3 Judge Ryan’s dissent maintains that there cannot be an “exploitation” of a copyrighted work unless the exploiter assesses the work’s market potential, makes a selection based on content, and realizes a profit from the substance of the work. But the dictionary defines “exploit” in terms that include “to take advantage of, utilize,” see Webster’s Third New International Dictionary (Unabridged), and nothing in Harper & Row suggests that the Supreme Court intended a narrower or more idiosyncratic meaning.
The dissent also points out that it was magazine employees, not outsiders, who obtained the unpublished manuscript of the Ford book and selected the portions that were included in the offending article. But nothing turns on the “in house” character of such activities. If a college professor had obtained the manuscript, selected the excerpts and peddled the article on a free-lance basis, can anyone doubt that it would have been a violation of the copyright for The Nation to publish the professor’s article?
4 Although not conclusive, the existence of an established license fee system is highly relevant:
“[I]t is sensible that a particular unauthorized use should be considered `more fair’ when there is no ready market or means to pay for the use, while such an unauthorized use should be considered `less fair’ when there is a ready market or means to pay for the use.
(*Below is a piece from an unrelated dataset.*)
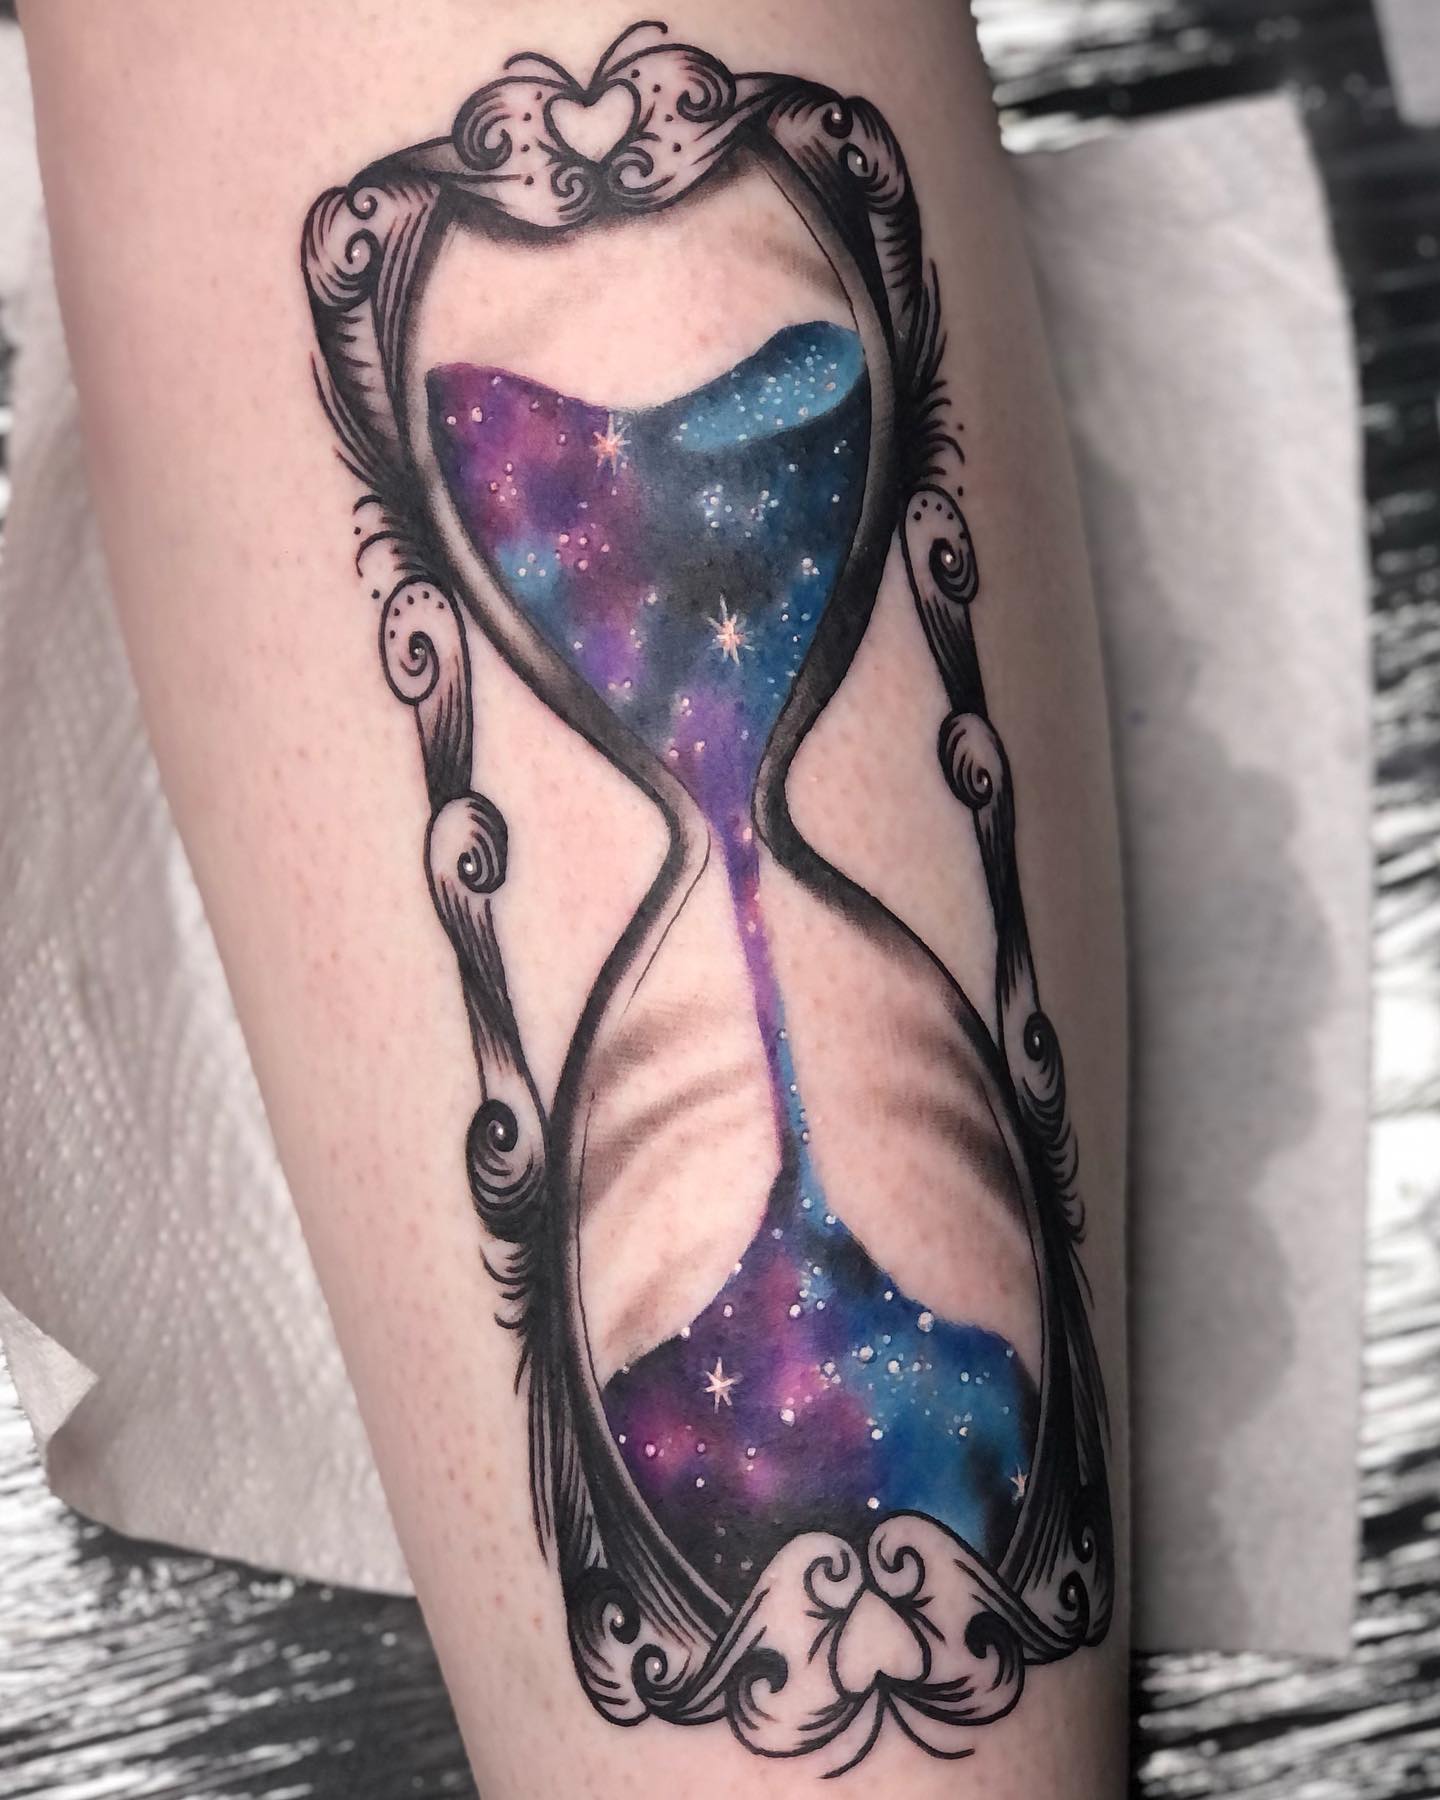 Tatuaje de reloj de arena mágico púrpura.

The vice of circular reasoning arises only if the availability of payment is conclusive against fair use.” Id. at 931.
5 “Fair use serves as an affirmative defense to a claim of copyright infringement, and thus the party claiming that its secondary use of the original copyrighted work constitutes a fair use typically carries the burden of proof as to all issues in the dispute.” American Geophysical, 60 F.3d at 918, citing Campbell, 114 S.Ct. at 1177.
1 – Dissent Both the majority opinion and Judge Ryan’s dissent approach the determination of whether the use at issue here is infringing solely by use of the four statutory factors set out in § 107. Neither the plain language of the statute nor the case law requires that determination to be made solely on the narrow grounds of those four factors. Because the plain language of the statute is clear concerning “multiple copies for classroom use” and because determinations of infringement are to be made on a case-by-case basis taking into consideration the reasonableness of the copying from an equitable perspective, I do not believe that the four factors are controlling. The specific plain language should be given much more weight in this case than the four abstract considerations of little relevance to copying for classroom use.
2 – Dissent Although the majority has modified its original draft of the opinion to order a remand directing the district court (1) to set out the injunction in a separate order as required by Federal Rule of Civil Procedure 65 and (2) to set forth “more precisely” the scope of the injunction, the remand instruction gives virtually no guidance to the district court about curing the overbreadth of the injunction.